A main challenge in NER is the ambiguity among the extracted named entities. Most approaches take a hard decision on which named entities belong to which class or which boundary fits an entity. However, often there is a significant amount of ambiguity when making this choice, resulting in errors by making these hard decisions. Instead of making such a choice, all possible alternatives can be preserved with a corresponding confidence of the probability that it is the correct choice. Extracting and handling entities in such a probabilistic way is called Probabilistic Named Entity Recognition (PNER).

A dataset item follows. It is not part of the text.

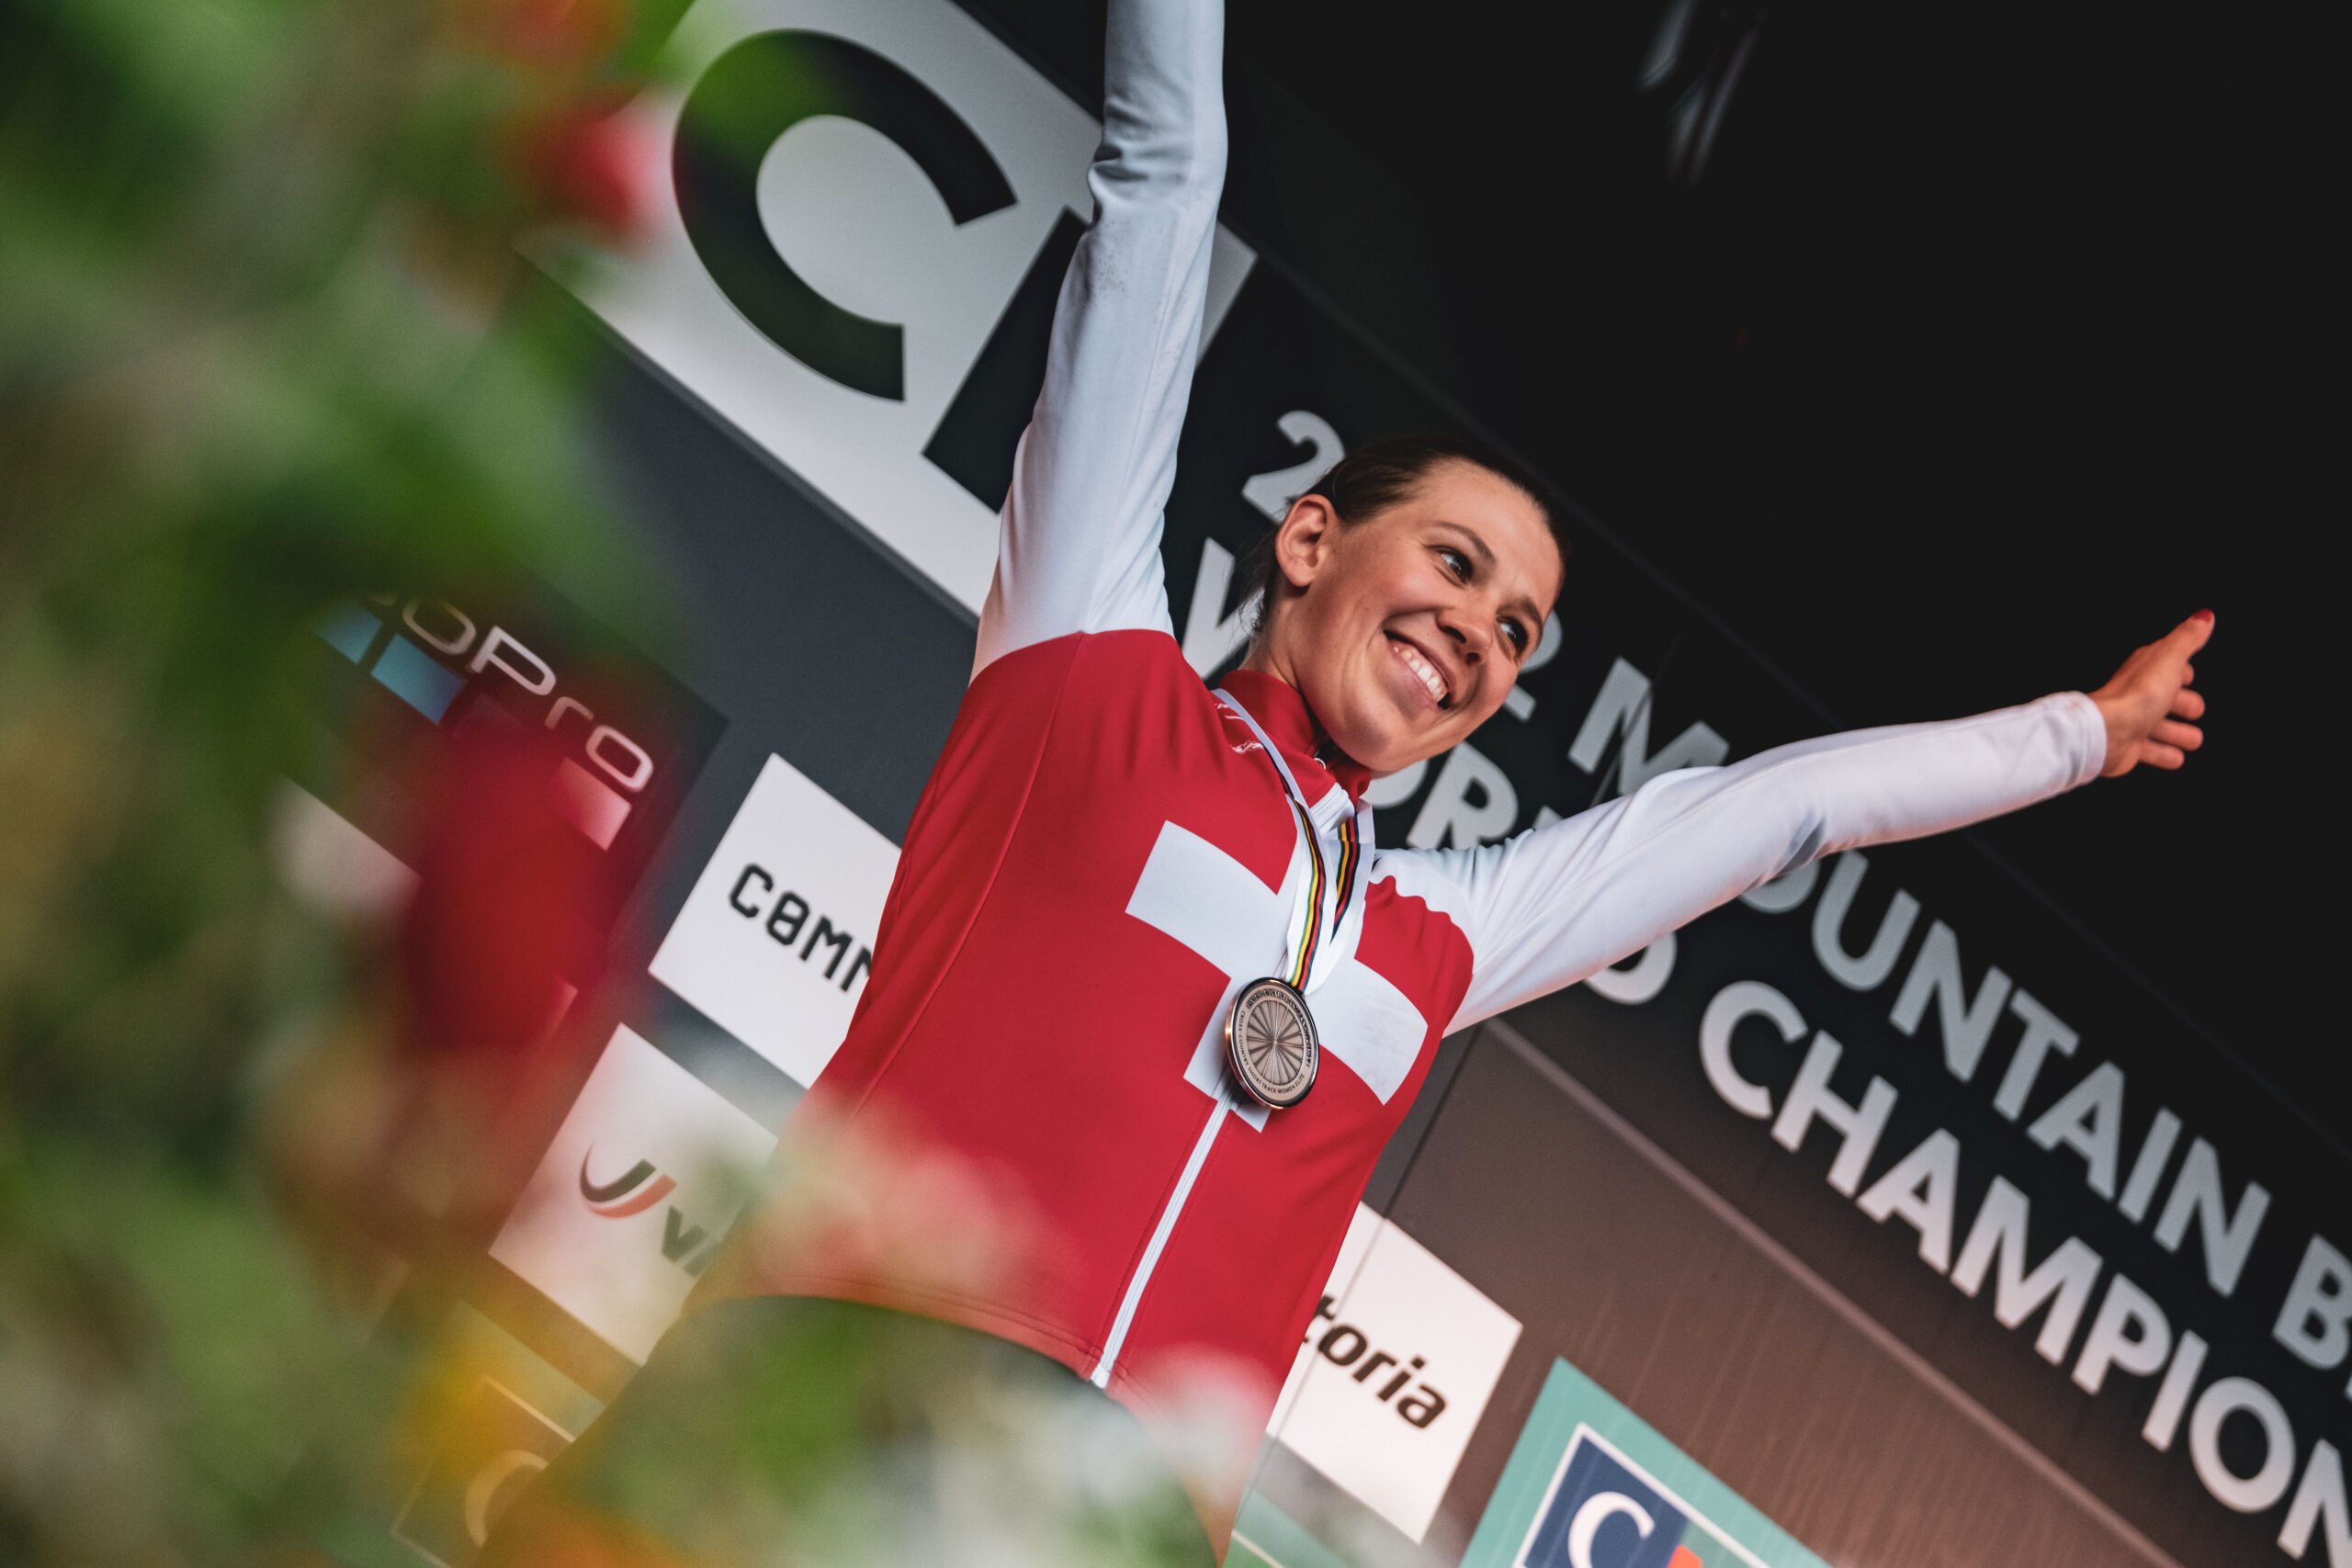 Sensational World Championship Silver For Alessandra Keller

Combining the fields of Probabilistic Databases and Information Extraction results in a new field of research. This research project explores the problem of Probabilistic NER. Although Probabilistic NER does not make hard decisions when ambiguity is involved, it also does not yet resolve ambiguity. A way of resolving this ambiguity is by using user feedback to let the probabilities converge to the real world situation, called Targeted Feedback. The main goal in this project is to improve NER results by using PNER, preventing ambiguity related extraction errors and using Targeted Feedback to reduce ambiguity.
This research project shows that Recall values of the PNER results are significantly higher than for regular NER, adding up to improvements over 29%. Using Targeted Feedback, both Precision and Recall approach 100% after full user feed- back. For Targeted Feedback, both the order in which questions are posed and whether a strategy attempts to learn from the answers of the user provide performance gains. Although PNER shows to have potential, this research project provides insufficient evidence whether PNER is better than regular NER.